K Number

Device Name

TMD 0.5ML SAFETY SYRINGE (FA18 SERIES 0.5ML/FA58 SERIES U-100 INSULIN/FA78 SERIES TUBERCULIN)

Manufacturer

TAIJECT MEDICAL DEVICE CO., LTD.

Date Cleared

2004-09-22

(14 days)

Product Code

MEG

Regulation Number

880.5860

Intended Use

--- The TMD™ 0.5ml Safety Syringe (FA18 Series 0.5ml) is intended for injection of fluids into the body after the aspiration of fluid. --- The TMD™ 0.5ml Insulin Safety Syringe (FA58 Series U-100 Insulin) is intended for use for subcutaneous injection of Insulin. --- The TMD™ 0.5ml Tuberculin Safety Syringe (FA78 Series Tuberculin) is intended intra-dermal of Tuberculin. All the three syringes above incorporate a safety feature that is designed to aid the reduction of needle stick injuries and the potential of syringe reuse.

Device Description

The TMD 1 0.5ml Safety Syringe (FA18 Series 0.5ml/FA58 Series U-100 Insulin / FA78 Series Tuberculin) is a single use, sterile, disposable syringes that is designed to reduce the risk of sharps injuries. The insulin syringe has scale lines in insulin units. The Tuberculin syringe has scale lines of Tuberculin.

More Information

Contact

Type

Center

Panel

Date Received

Product Code

Subsequent Product Codes

Applicant Name (Manufacturer)

Device Name

Decision

Street 1

Street 2

City

State

Country Code

ZIP

Postal Code

Class Advise Committee

SSP Indicator

Third Party Reviewed

Expedited Review

Predicate Devices

K031062, K022278

Reference Devices

Not Found

AI/ML (Artificial Intelligence / Machine Learning)

No
The document describes a mechanical safety syringe and does not mention any software, algorithms, or data processing that would indicate the use of AI or ML.

Therapeutic

No
The device is a syringe intended for injecting fluids or insulin, which is a delivery mechanism, not a therapeutic agent itself.

Diagnostic

The device is a syringe, intended for the injection of fluids, and is not described as being used to diagnose conditions or diseases.

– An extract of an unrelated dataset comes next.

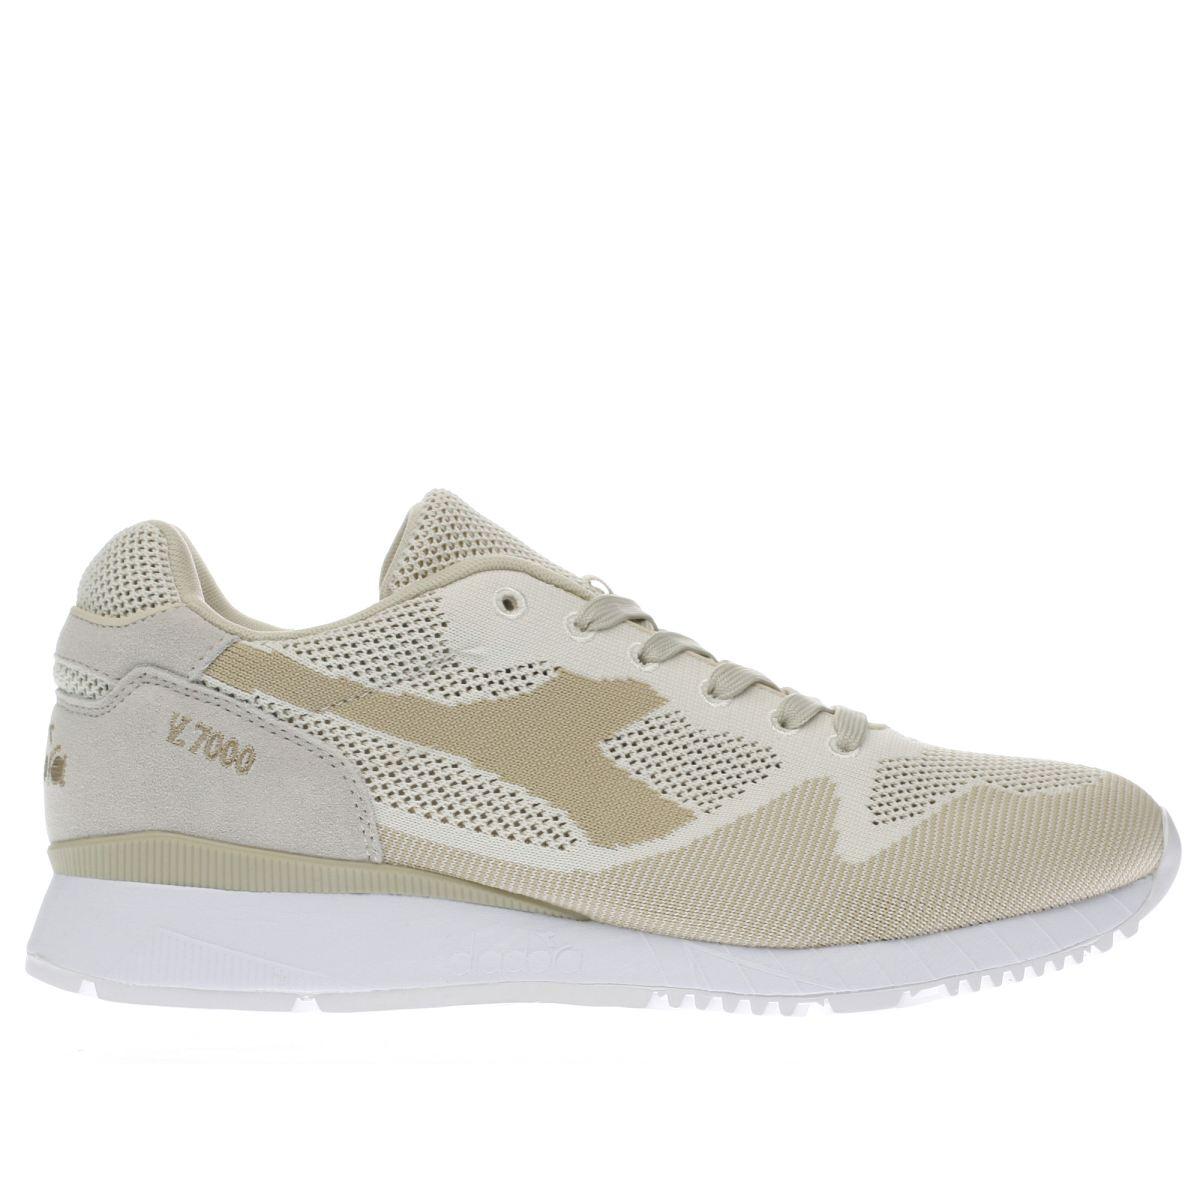 diadora beige v7000 weave trainers Review 73b5c8400bb

SaMD (Software as a Medical Device)

The device description clearly indicates it is a physical syringe with a safety feature, not a software application.

IVD (In Vitro Diagnostic)

Based on the provided text, this device is not an IVD (In Vitro Diagnostic).

Here's why:

Intended Use: The intended use clearly states the syringes are for "injection of fluids into the body," "subcutaneous injection of Insulin," and "intra-dermal of Tuberculin." These are all procedures performed on the body, not on samples taken from the body for diagnostic purposes.
Device Description: The description focuses on the physical characteristics of the syringe and its safety features, not on any components or processes related to analyzing biological samples.
Lack of IVD Indicators: There is no mention of analyzing samples, detecting analytes, providing diagnostic information, or any other typical characteristics of an IVD device.

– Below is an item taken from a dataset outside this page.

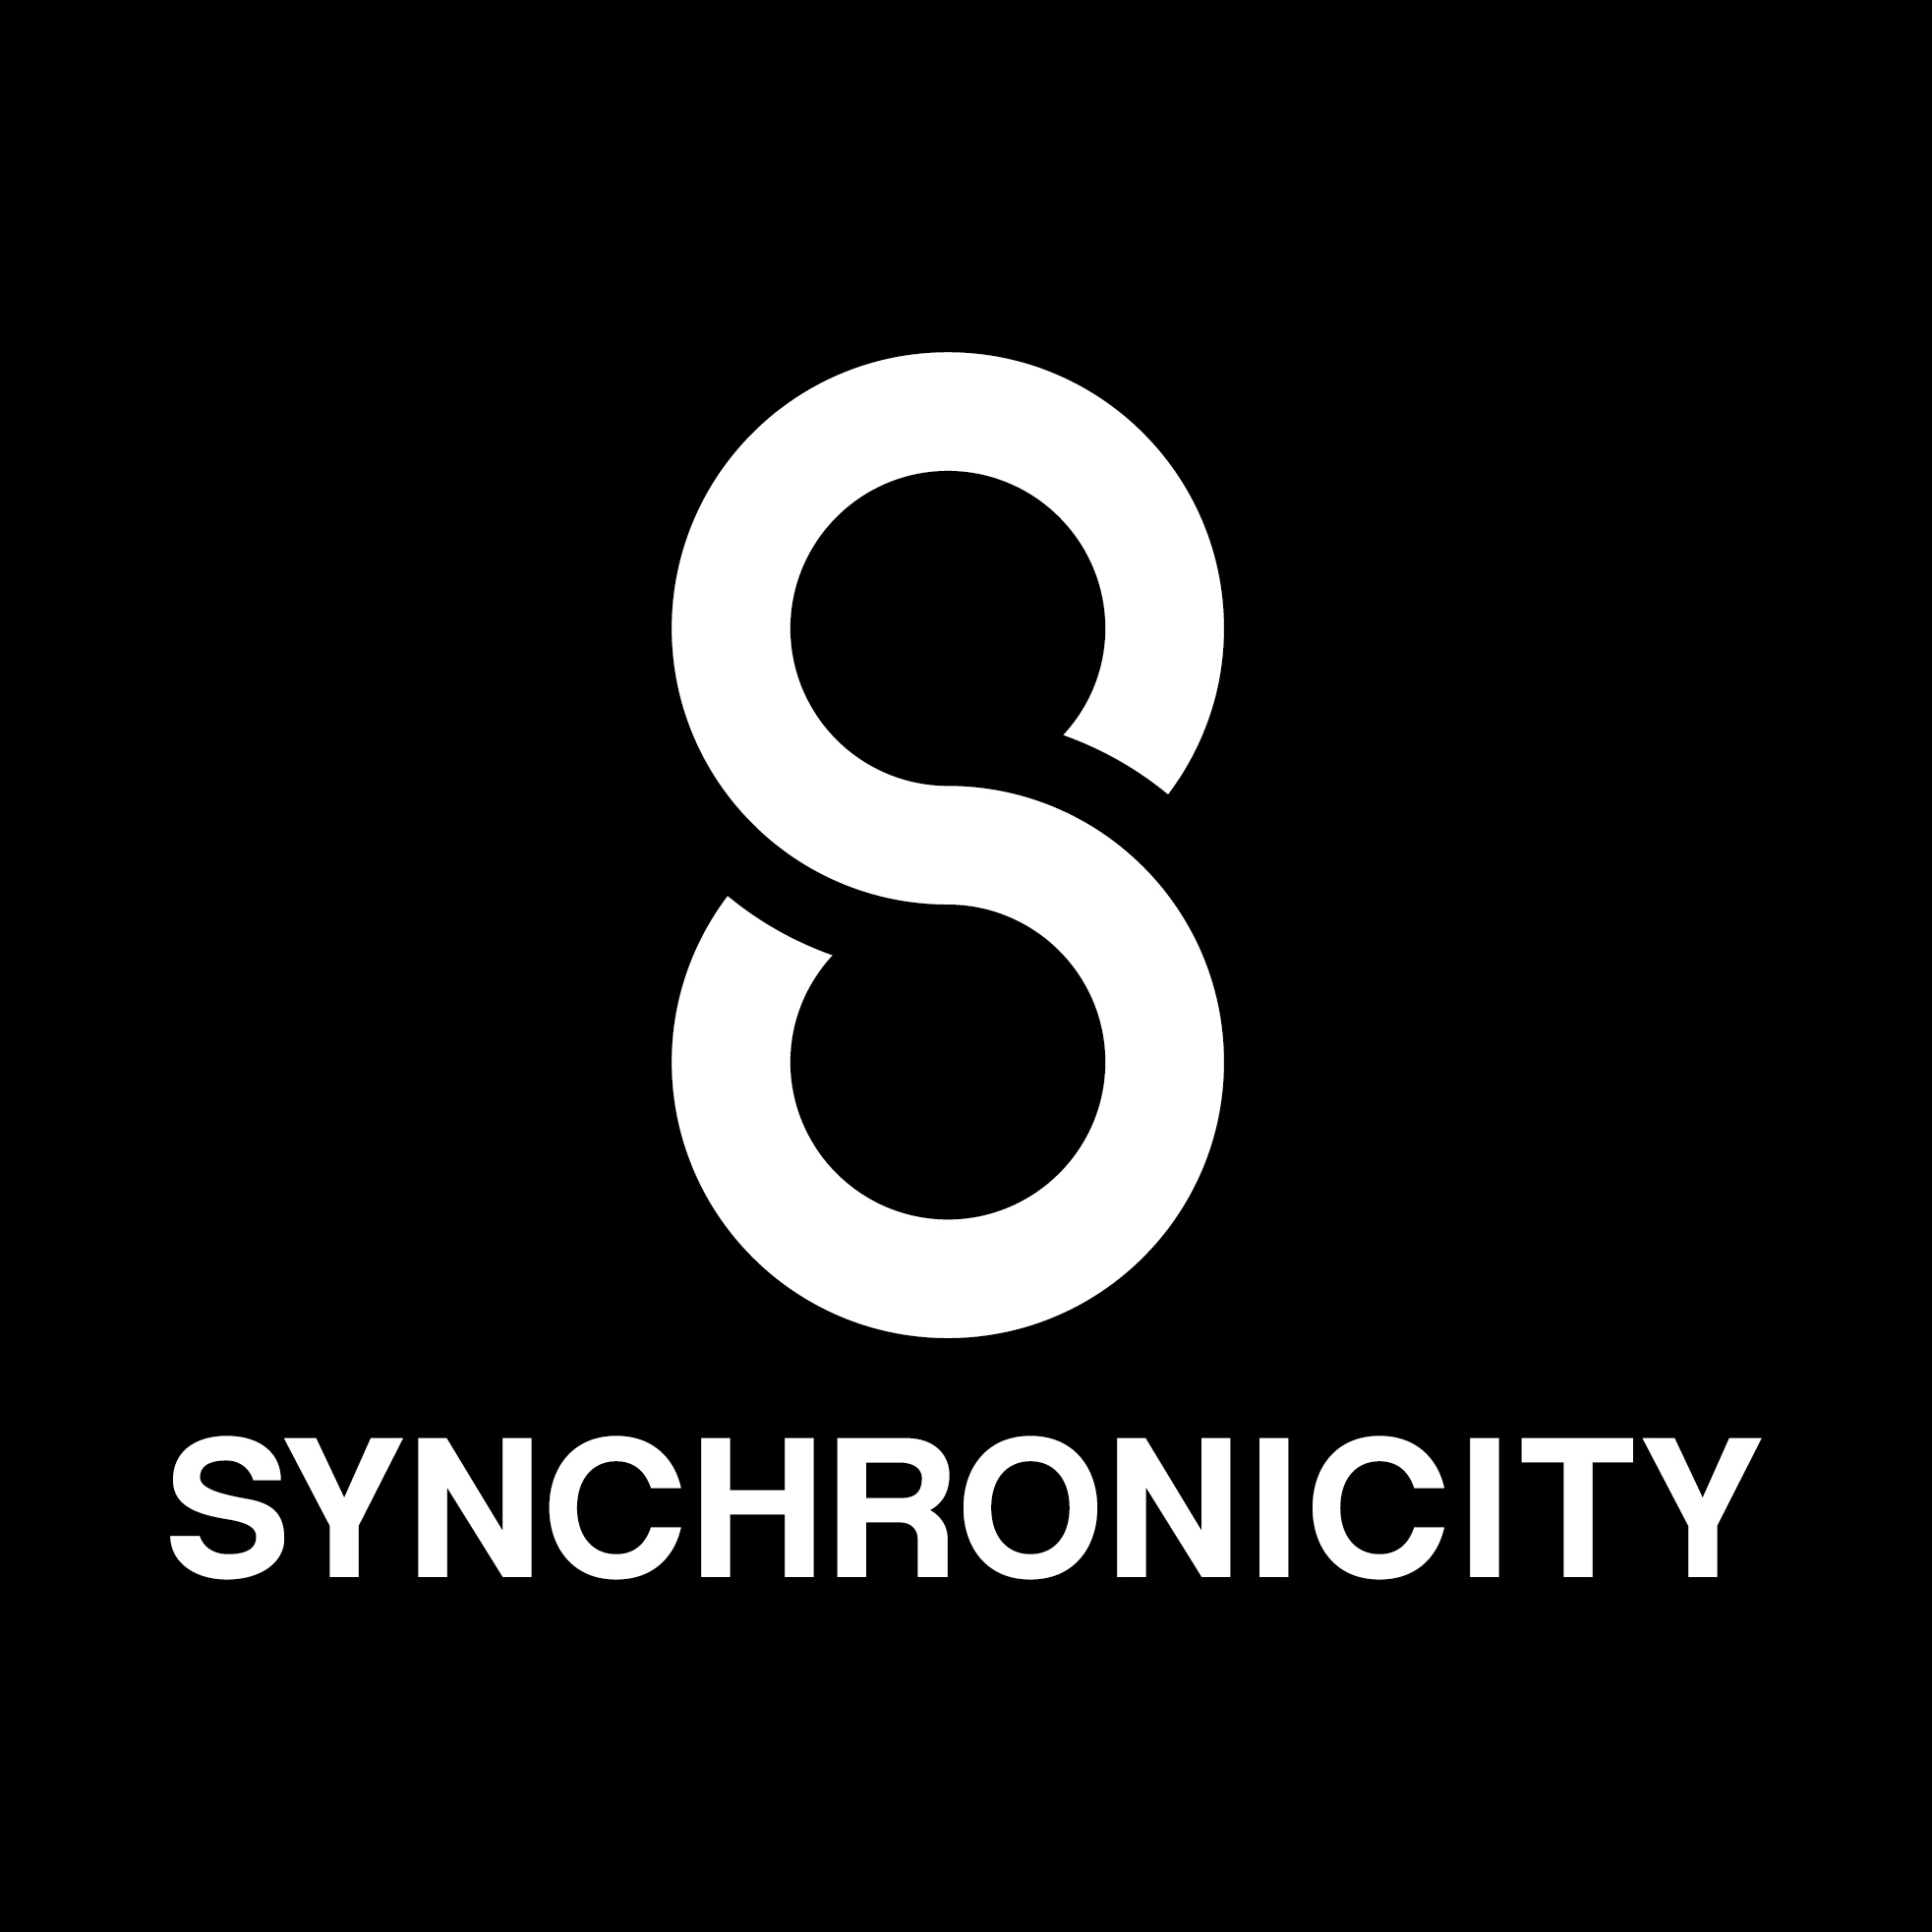 『SYNCHRONICITY'21』

IVD devices are used to examine specimens derived from the human body (like blood, urine, tissue) to provide information for diagnostic, monitoring, or compatibility purposes. This device is for administering substances into the body.

PCCP (Predetermined Change Control Plan) Authorized

N/A

Overview

Intended Use / Indications for Use

The TMD™ 0.5ml Safety Syringe (FA18 Series 0.5ml) is intended for injection of fluids into the body after the aspiration of fluid.
The TMD™ 0.5ml Insulin Safety Syringe (FA58 Series U-100 Insulin) is intended for use for subcutaneous injection of Insulin.
The TMD™ 0.5ml Tuberculin Safety Syringe (FA78 Series Tuberculin) is intended intra-dermal of Tuberculin.
All the three syringes above incorporate a safety feature that is designed to aid the reduction of needle stick injuries and the potential of syringe reuse.

Product codes (comma separated list FDA assigned to the subject device)

MEG, FMF

Device Description

The TMD 0.5ml Safety Syringe (FA18 Series 0.5ml/FA58 Series U-100 Insulin / FA78 Series Tuberculin) is a single use, sterile, disposable syringes that is designed to reduce the risk of sharps injuries. The insulin syringe has scale lines in insulin units. The Tuberculin syringe has scale lines of Tuberculin.

Mentions image processing

Not Found

Mentions AI, DNN, or ML

Not Found

Input Imaging Modality

Not Found

Anatomical Site

Not Found

Indicated Patient Age Range

Not Found

Intended User / Care Setting

Not Found

Description of the training set, sample size, data source, and annotation protocol

Not Found

Description of the test set, sample size, data source, and annotation protocol

Not Found

Summary of Performance Studies (study type, sample size, AUC, MRMC, standalone performance, key results)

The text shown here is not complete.